MATERIAL PROVIDED
• • • • • • •

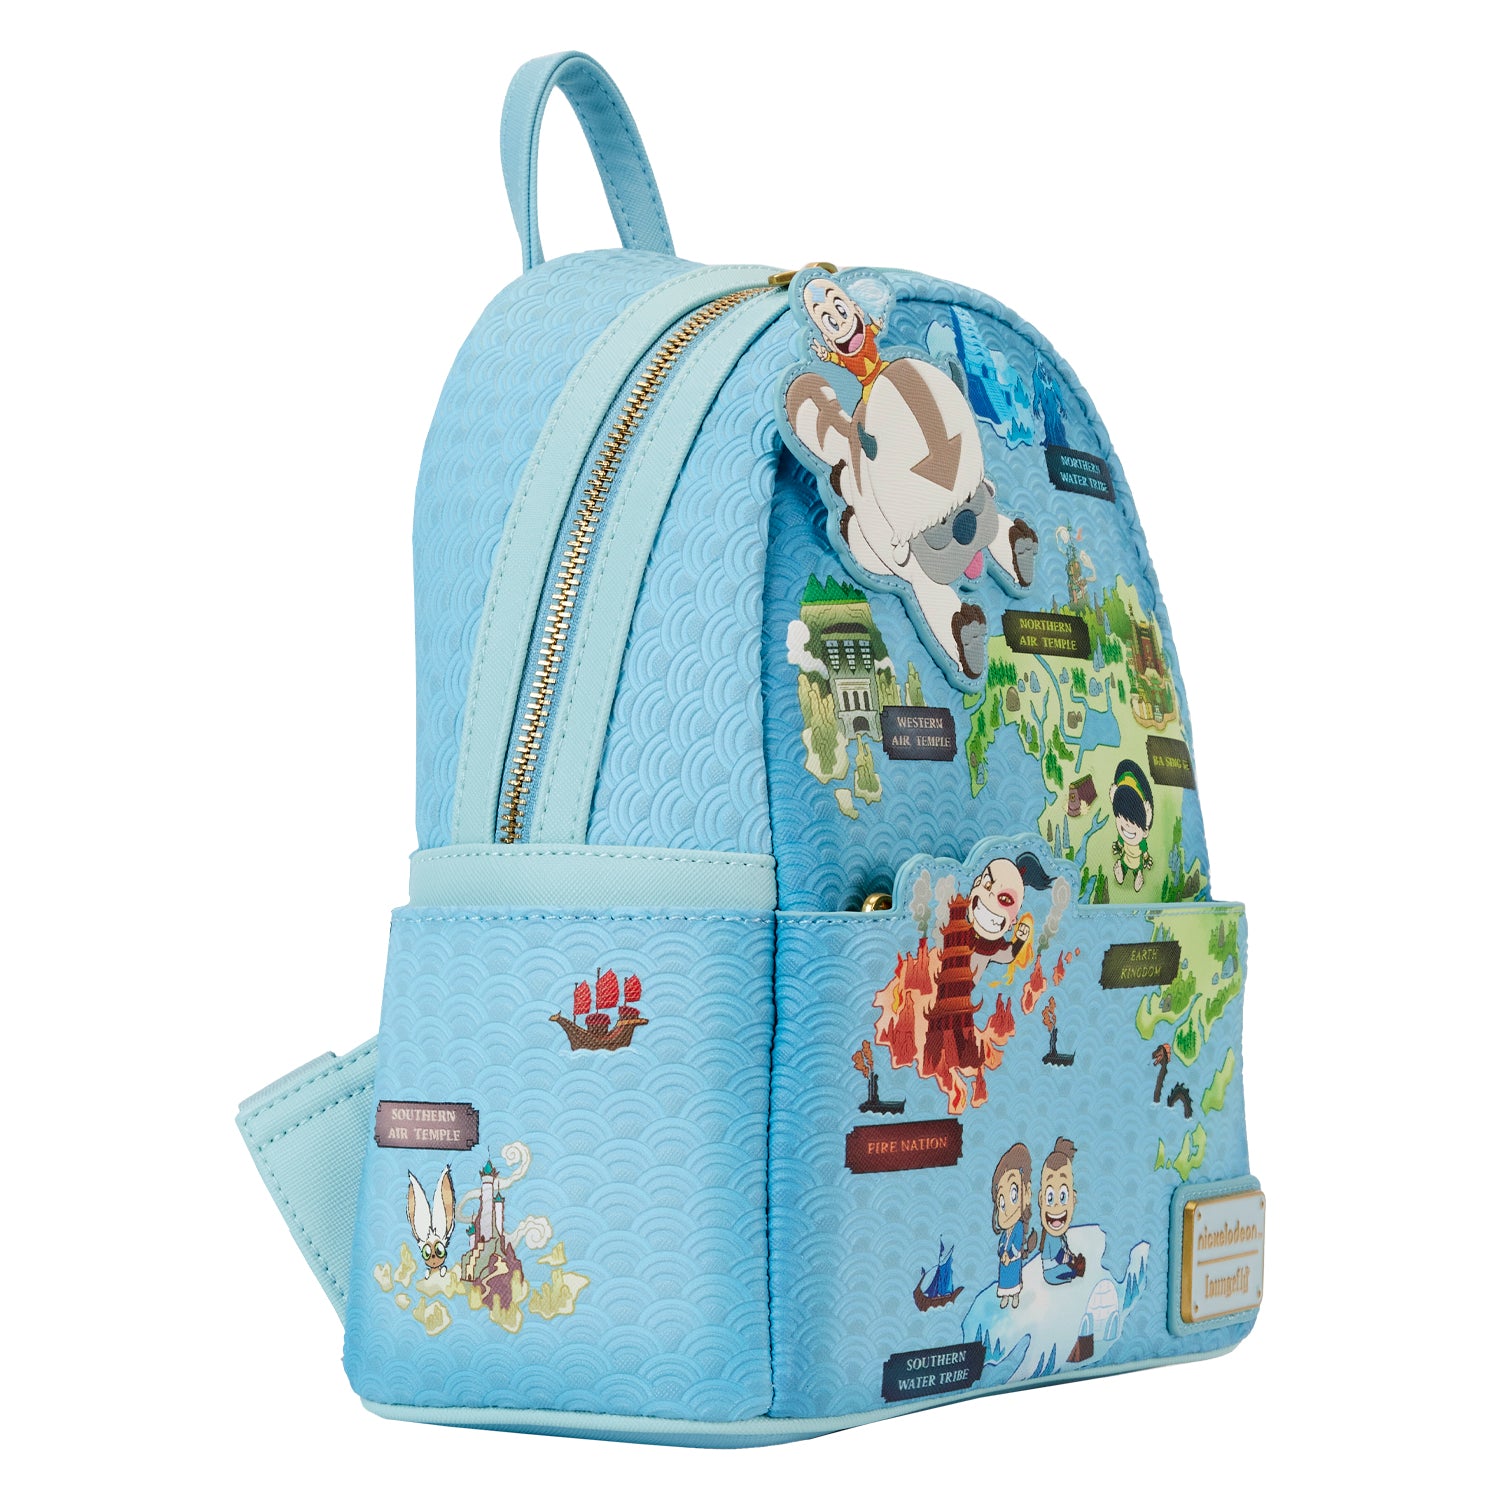 Loungefly x Nickelodeon Avatar: The Last Airbender Map Mini Backpack
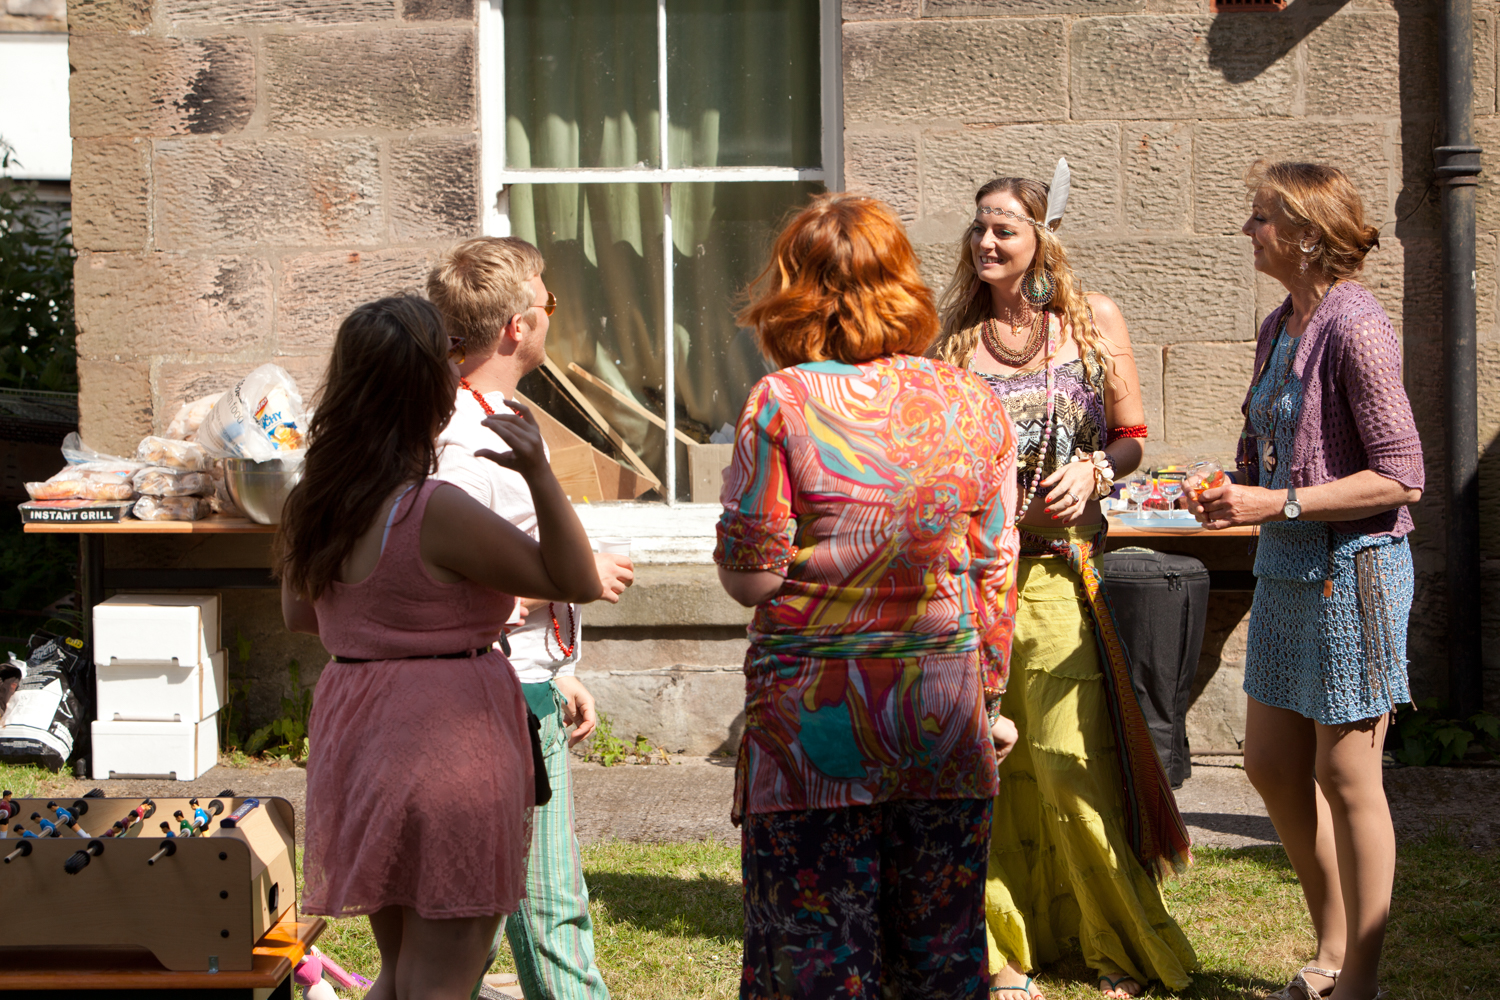 PICTORIAL_BERWICK_60th-festival-love-peace-party-bbq-gathering-celebration-reportage-coverage-photography-8656.jpg
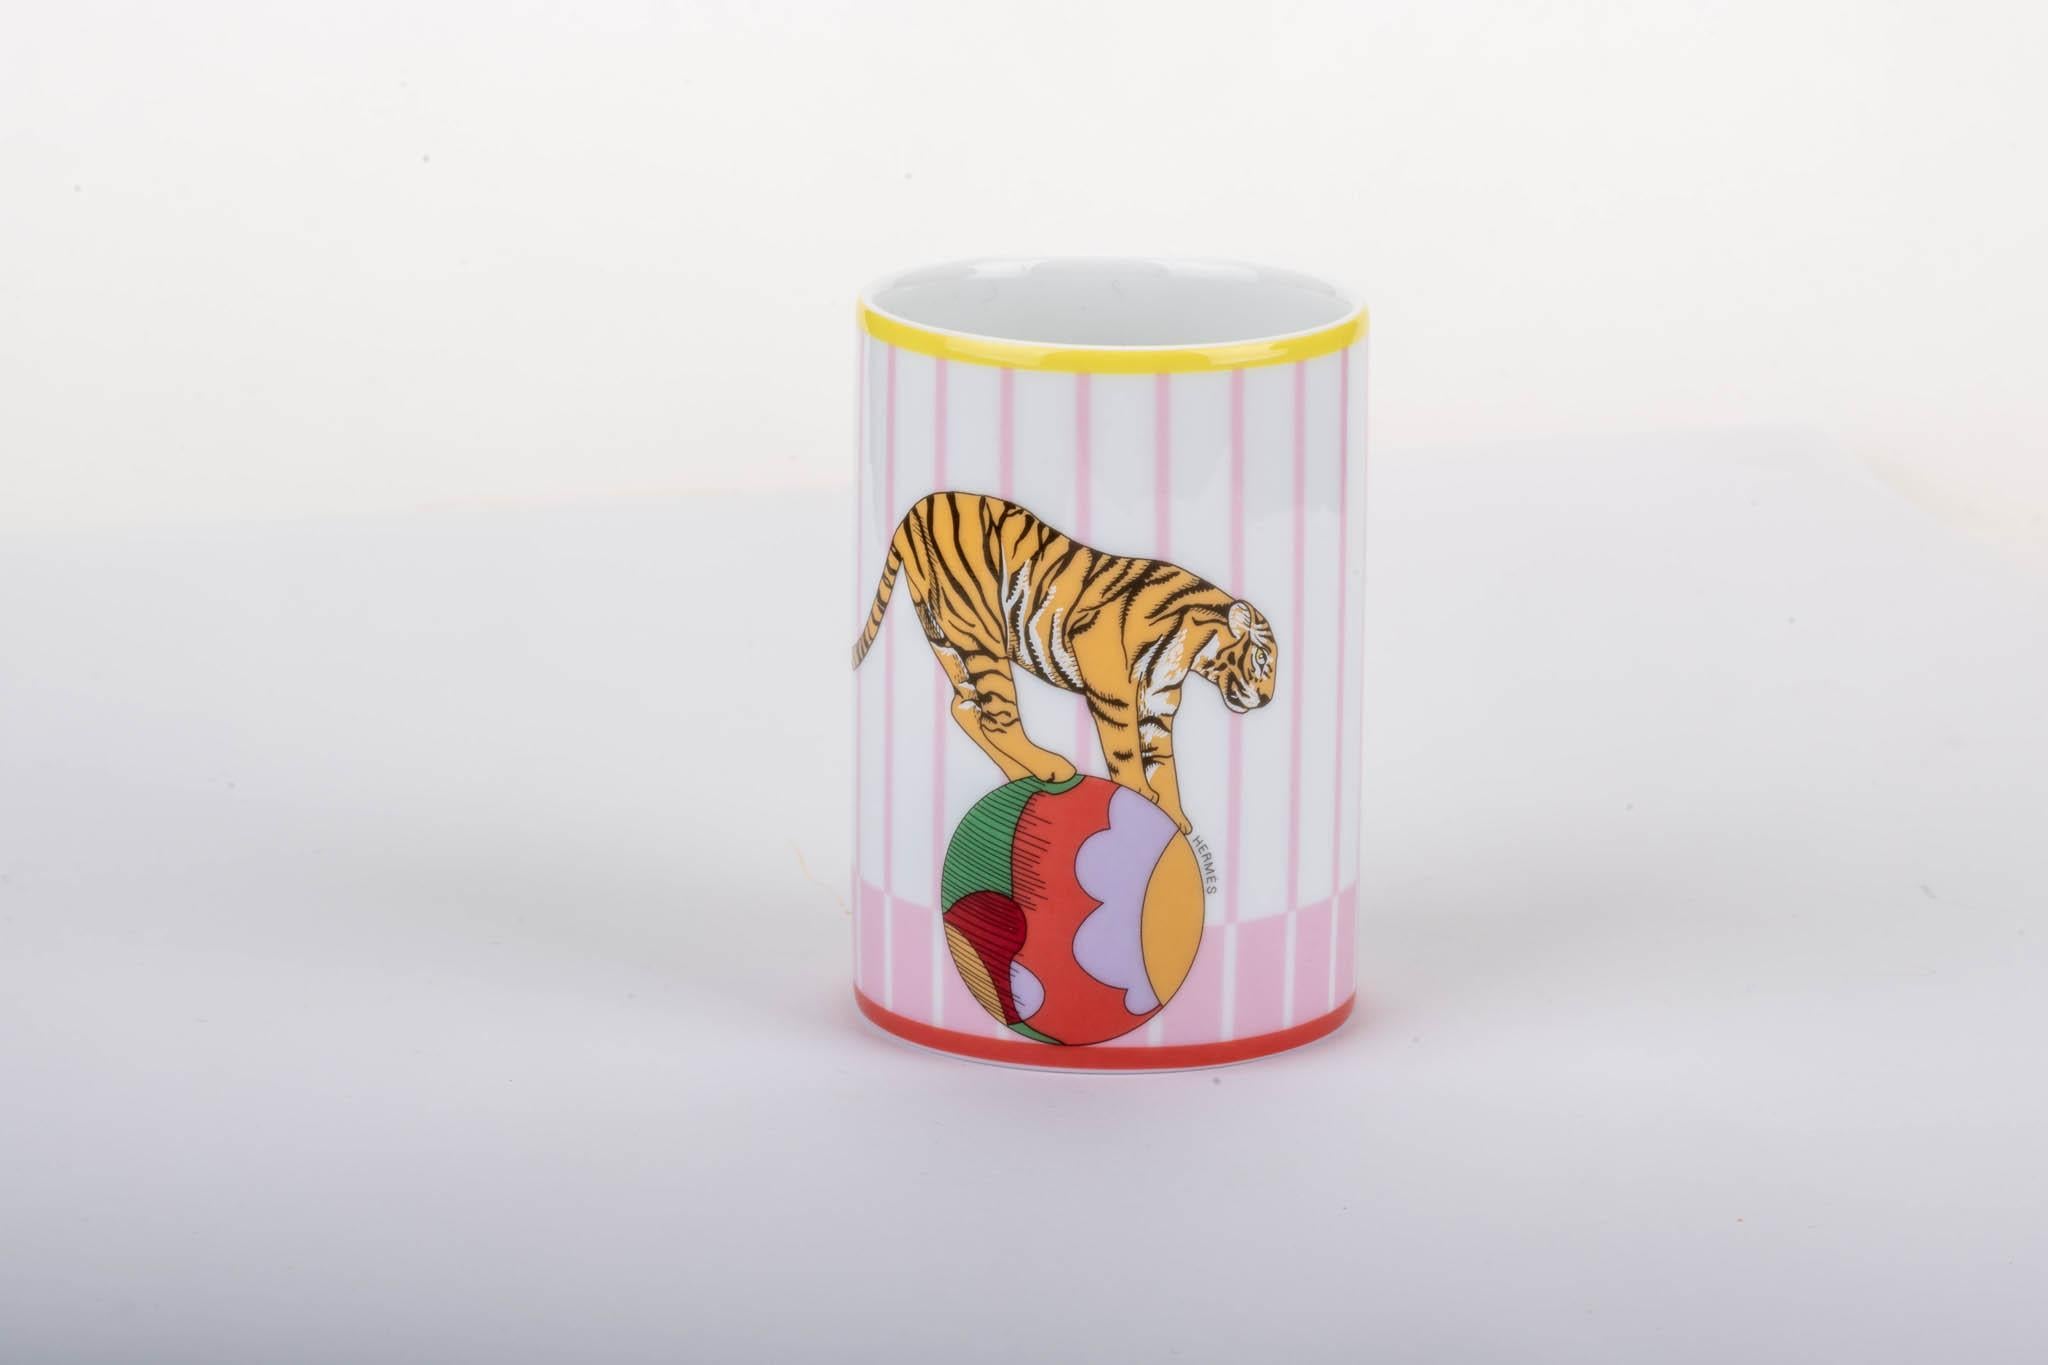 Hermes brand new in box porcelain tumbler , circus collection. Pink and white combination. Colors might contain cobalt.
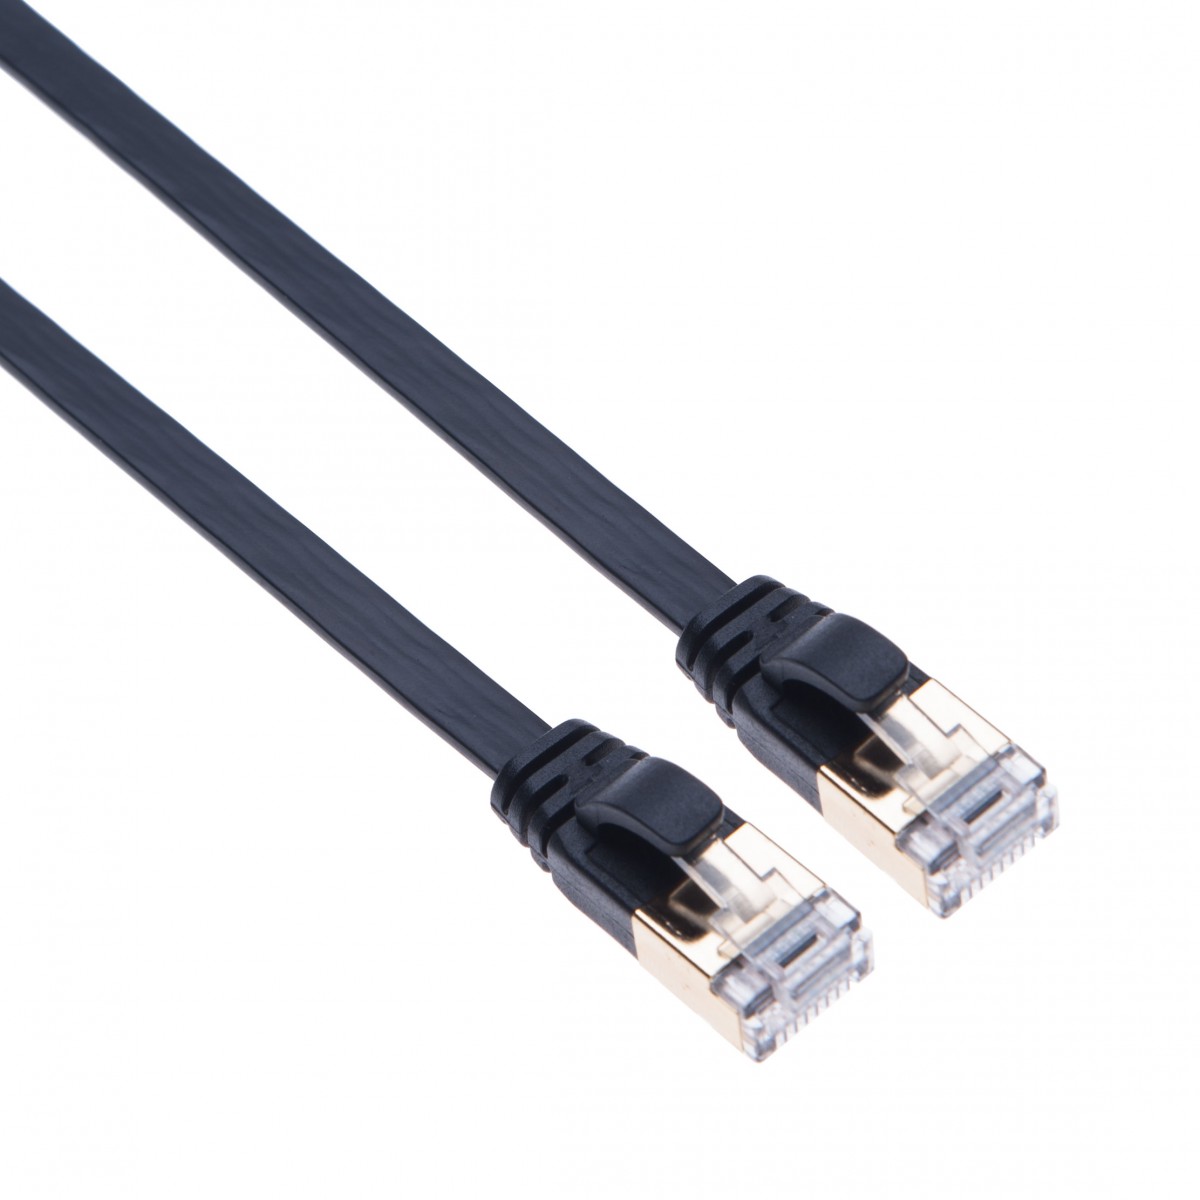 Short Ethernet Cable Cat 7 Gigabit Lan Network Switch Rj45 Patch 10 Gbps Cord For Smart Tv Samsung Lg Philips Toshiba Sony Tcl Sharp Networking Cat7 Wire Lead Stp 0 25m 0 82ft Keple Com

• • • • • • •

DESCRIPTION OF THE TASK
Transcribe the listing exactly; omit all images.

COMPLETED TASK
 Loungefly x Nickelodeon Avatar: The Last Airbender Map Mini Backpack
 PICTORIAL_BERWICK_60th-festival-love-peace-party-bbq-gathering-celebration-reportage-coverage-photography-8656.jpg
 Hermes brand new in box porcelain tumbler , circus collection. Pink and white combination. Colors might contain cobalt.
 Short Ethernet Cable Cat 7 Gigabit Lan Network Switch Rj45 Patch 10 Gbps Cord For Smart Tv Samsung Lg Philips Toshiba Sony Tcl Sharp Networking Cat7 Wire Lead Stp 0 25m 0 82ft Keple Com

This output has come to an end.